【耳を澄ますと】
いつも何かしらの音が隣の部屋から聞こえてくる。
理由は築何十年と経っていて家賃が安く、セキュリティは甘く、壁も薄い。そんな物件だったから。
生活は誰しも覗かれたくない。だから敢えて聞かないように努力をして聞き流していた。
でもある日の夜中のこと。なかなか寝付けずに布団の中を右に左にとごろごろとしていた時だ。
女の艶声が聞こえてきた。
隣の住人は歳は大学生くらいの男の一人暮らし。ちょこちょこ顔を合わせては挨拶をする程度の関係で、素性は詳しくは知らない。

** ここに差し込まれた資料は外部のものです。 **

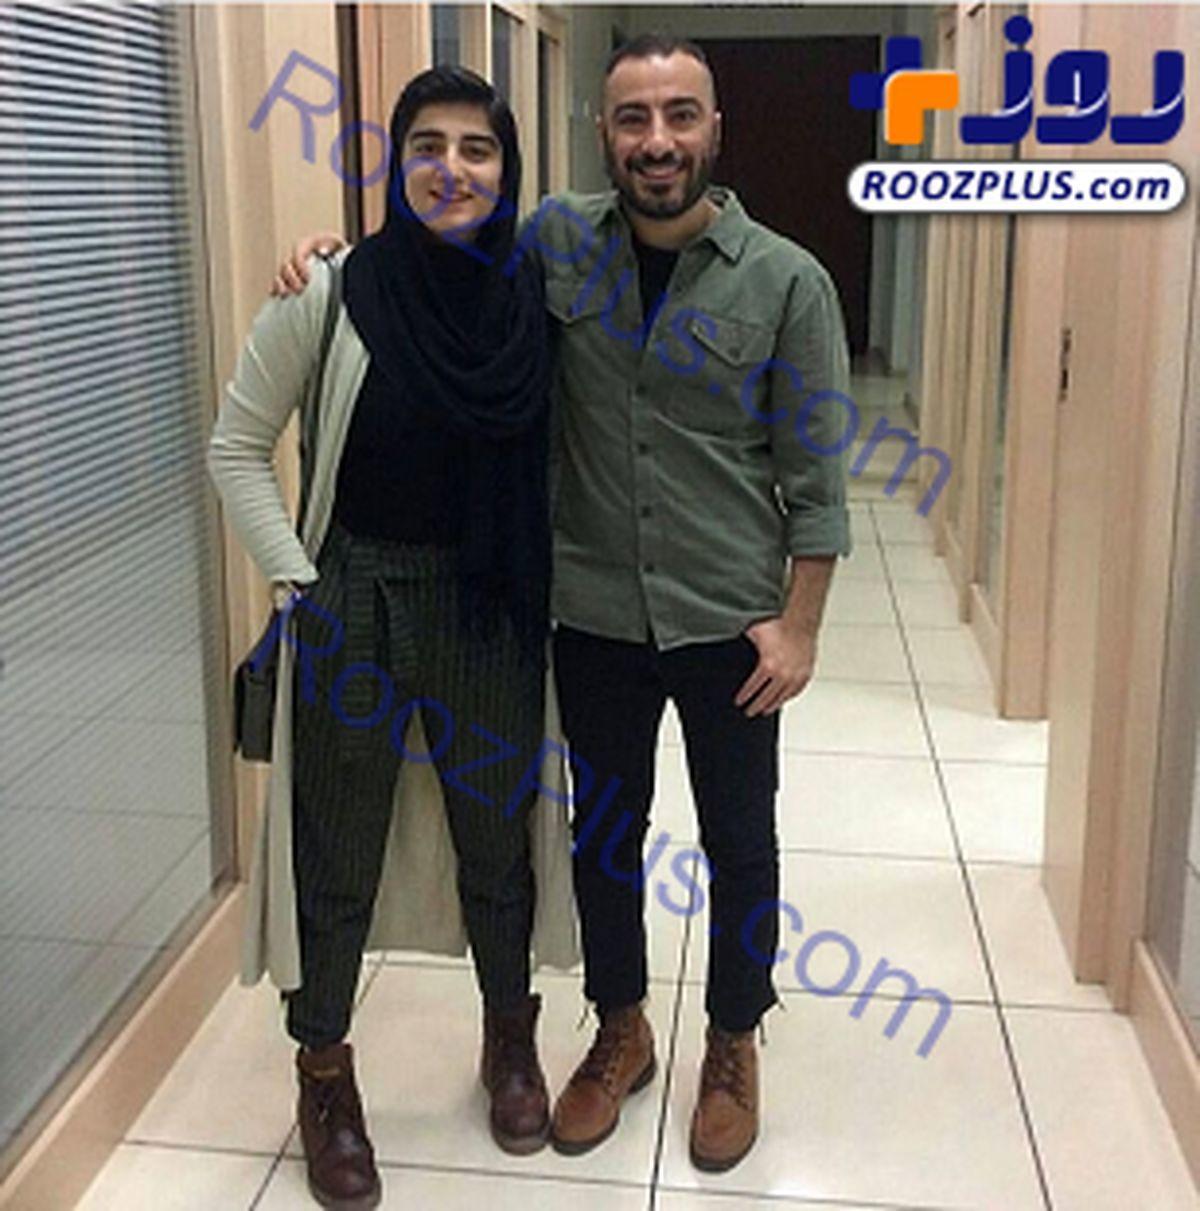 نوید محمدزاده تصویر بدون آرایش همسرش را منتشر کرد + عکس

そういう事はえっちなホテルでやりな。と心の中でごちながら手で耳を塞ぐも声は大きくなる。思わずイヤホンを装着すると音楽を流して布団に入り直した。
──眠れなかった。
女の声を掻き消すために音楽の音は段々と音量を増した。そんな事をすれば深い眠りにつける訳もなく、翌朝鏡を見て溜息をつく。
そんな事が何日か置きに続いて、かれこれ一ヶ月は我慢をした。が、もう体の方が限界だった。
日曜日のお休みの日。
朝から耳を澄まして隣の部屋の男の様子を伺う。朝からテレビの音が聞こえて「今日は晴れです」なんて天気予報のお姉さんの声が元気よく言った。
あんなに聞かないようにしていた生活音を必死に拾っていた。偶然を装って、それとなく注意を促そうと思って。
お昼に差し掛かった時だった。キィと玄関の扉が開いてパタリ。閉じては鍵をかけるガチャンという音がした。出ていった。
出かけるのは用事があるからだろう。出かけ前にアレコレ言うのは相手も時間の都合があるだろうから戻ってくるのを待つ。
30分ほどじっと待っていると歩く足音がして隣の部屋の前で止まった。
帰ってきた!
チャンスを逃すまいと玄関で耳を澄ましていた女は財布を手に偶然を装いながら扉の外に出る。
「あ、こんにちは」
ぱたりと扉を閉じて鍵穴に鍵を突っ込もうとするも、緊張で手が震えて鍵穴に刺さらなかった鍵が落ちて男の足元に転がった。
「落ちましたよ」
そう言って直ぐに拾ってくれると、男は近づいてきて腕を掴んでくる。
突然の事にひゅっと喉が鳴った。
掴まれた手の平の上に鍵が置かれる。
「はは、緊張してんの?もしかしていつもそんな顔して聞いてくれてんの」
「…!」
その言葉に思わず鍵を乗せられた手を取り戻そうとした。
なのに強く握られた腕はそう簡単に抜けなかった。
「あれね、えっちなビデオ観てあんたがどんな顔してるかなって想像して抜いてた。俺の部屋にきて確認してみる?俺はあんたがどんな顔するのか見てみたいな」
何も言葉にならなかった。隣の部屋の住人に、こんな風に見られていたなんて。
男は鍵をさっと出して開けると掴んだ腕を強く引いて部屋の中に女の体を押し込んだ。
ぱたりと扉が閉じて、ガチャンと鍵が閉まる音が響いた。